= TASK REQUIREMENTS =
Repeat the listing that follows exactly. Pictures are not part of the copy.

= DATA SECTION =
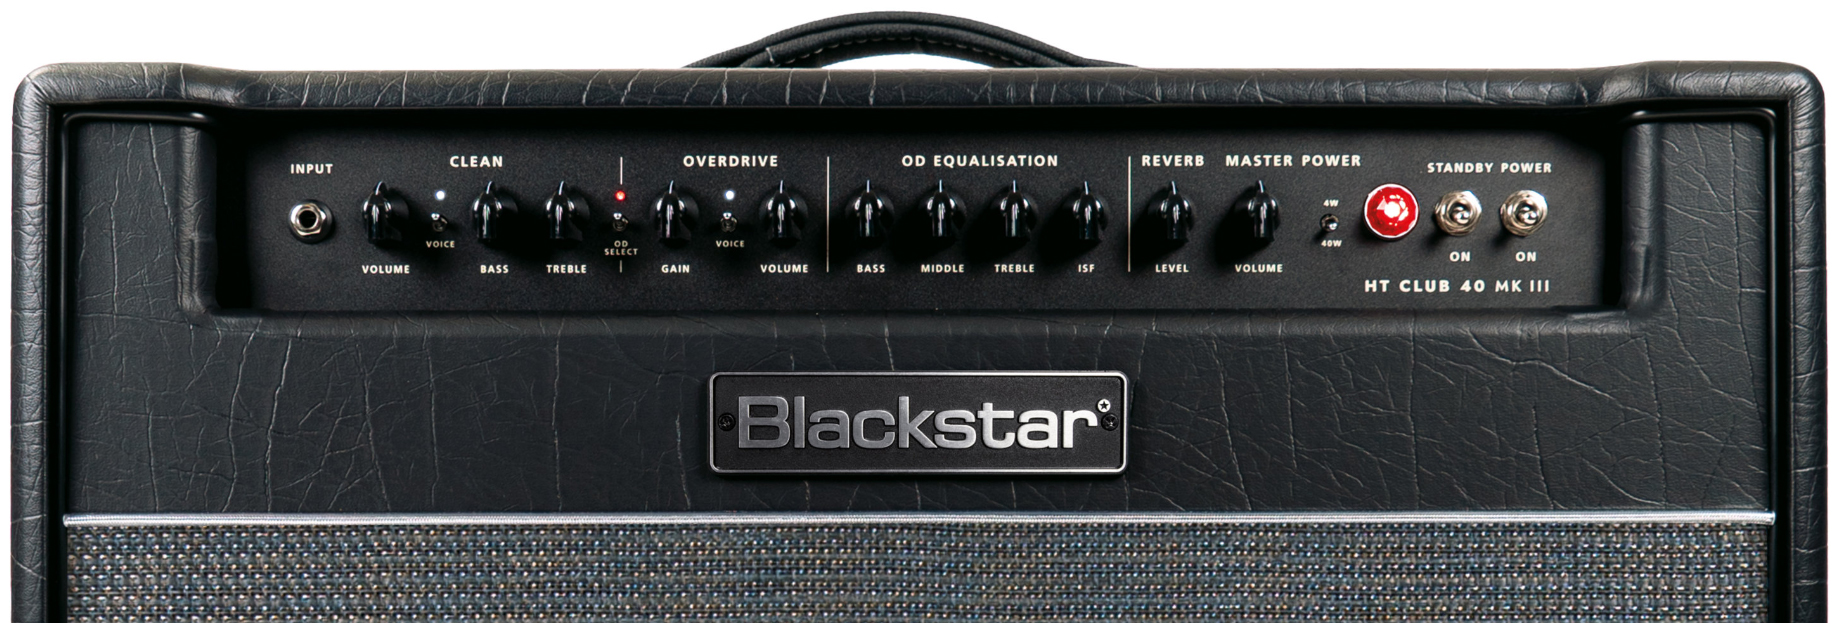 Blackstar Ht Venue Club 40 112 Mkiii 40w 1x12 El34 - Combo amplificador para guitarra eléctrica - Variation 3
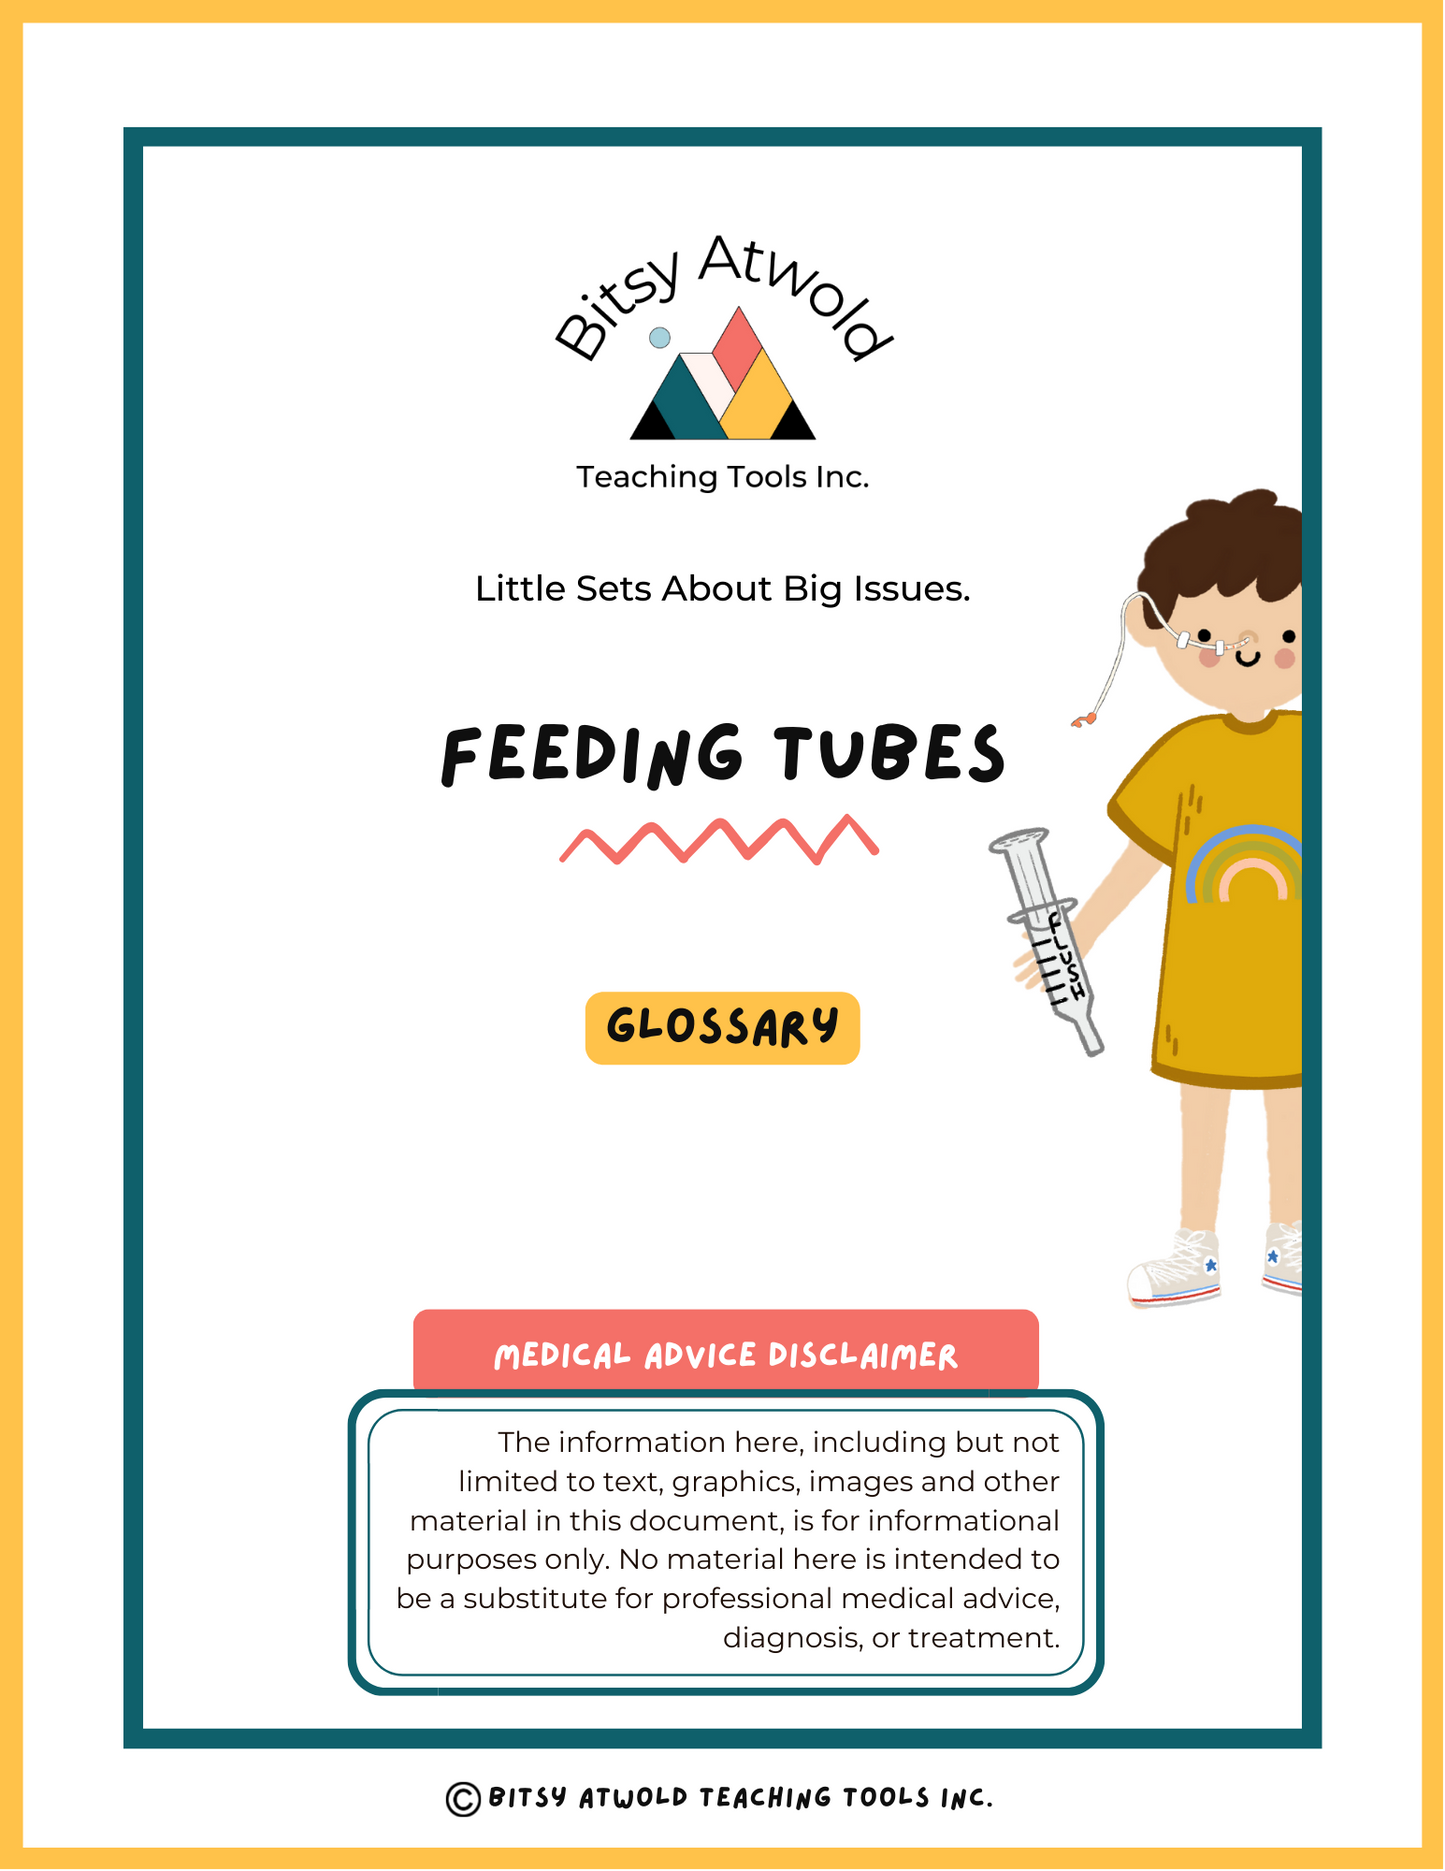 Glossary - Feeding Tubes
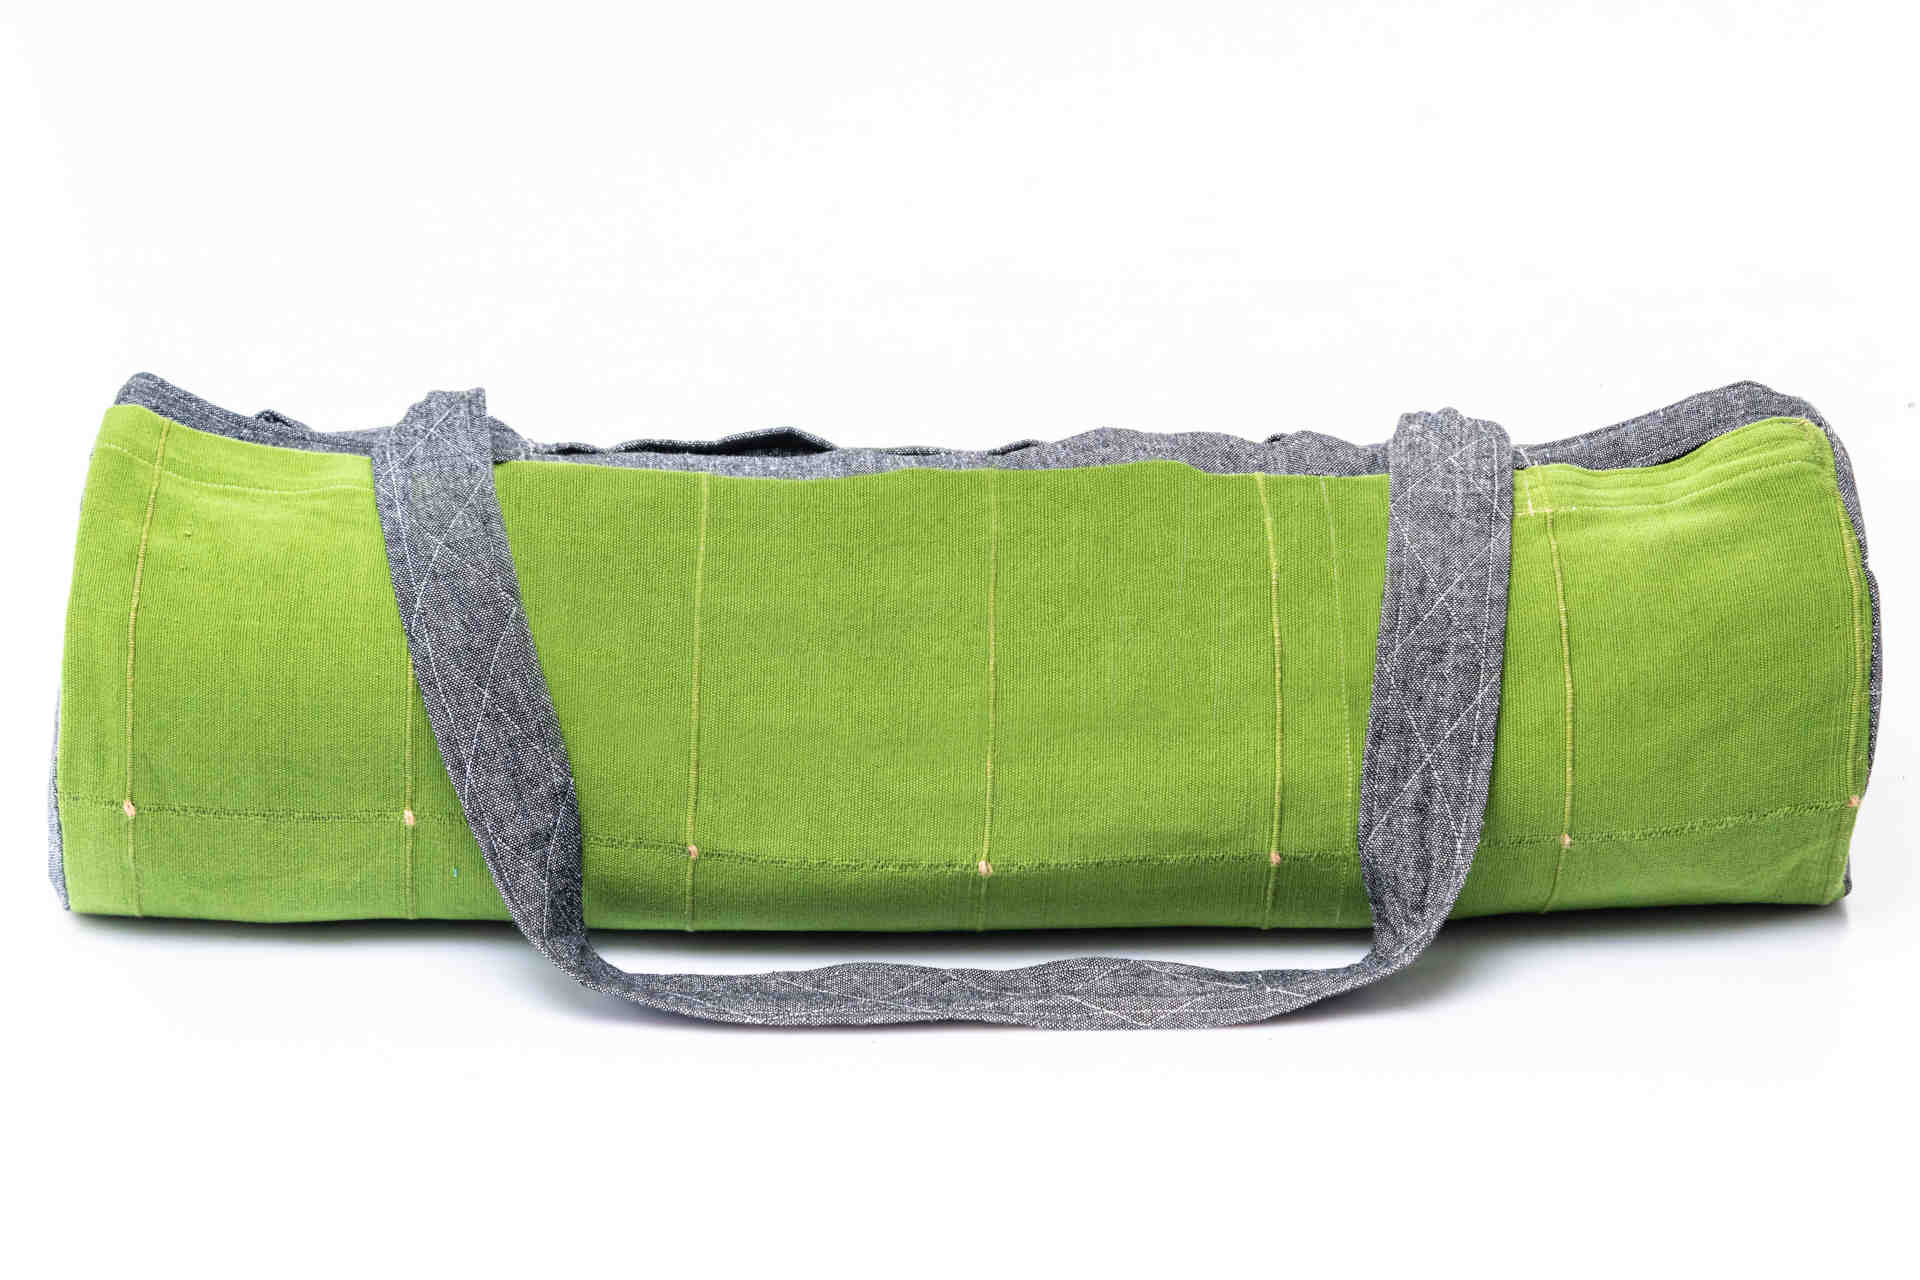 Fully Handmade Handloom Bag for women | eBay

= RESPONSE BELOW =
 Blackstar Ht Venue Club 40 112 Mkiii 40w 1x12 El34 - Combo amplificador para guitarra eléctrica - Variation 3
 Glossary - Feeding Tubes
 Fully Handmade Handloom Bag for women | eBay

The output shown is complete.